Kim Maher

Personal information
- Full name: Kim Ly Maher
- Born: September 5, 1971 (age 55) Saigon, South Vietnam

Medal record
Women's softball
Representing the United States
Olympic Games
| Gold medal – first place | 1996 Atlanta | Team competition |

= Kim Maher =

Vietnamese-American softball player and coach

Kim Ly Maher (born September 5, 1971, in Ho Chi Minh City, Vietnam) is a Vietnamese-American, former collegiate All-American, Olympic champion, right-handed softball player and current Head Coach originally from Fresno, California.
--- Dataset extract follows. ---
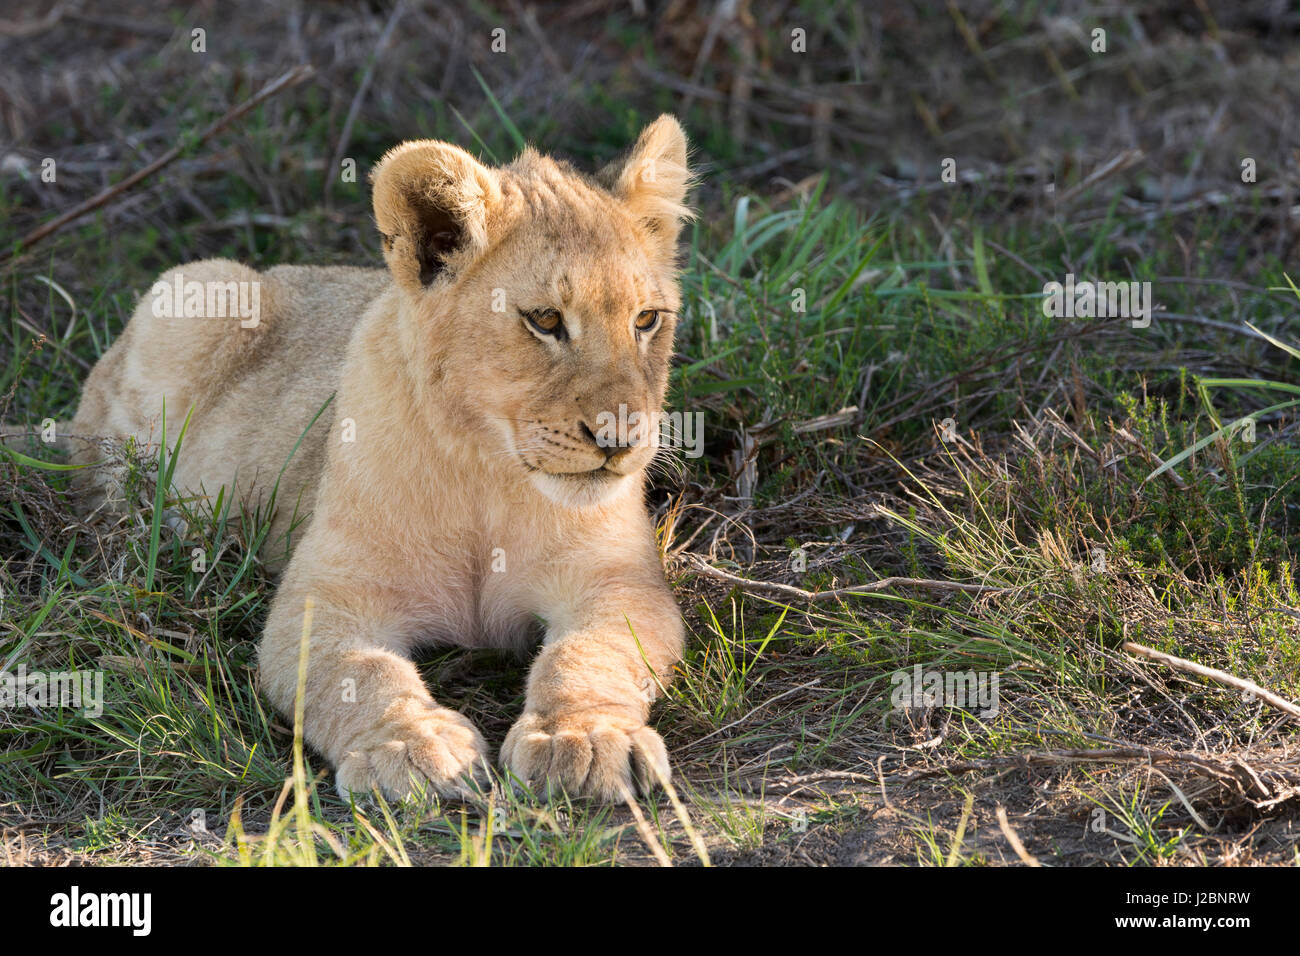 South Africa, Eastern Cape, East London. Inkwenkwezi Game Reserve. Lion cub Stock Photo

She competed in college for the Fresno State Bulldogs in both the Big West and Western Athletic Conference from 1991 to 1994, ranking in the latter for career batting average (.401) for her last two years and leading them in two semifinal finishes at the 1991 and 1992 Women's College World Series, being named All-Tournament for both events. Maher won gold at the 1996 Atlanta Olympics with Team USA. Maher is head of the SWOSU Bulldogs softball team.

==Career==

She competed at the 1996 Summer Olympics in Atlanta where she received a gold medal with the American team.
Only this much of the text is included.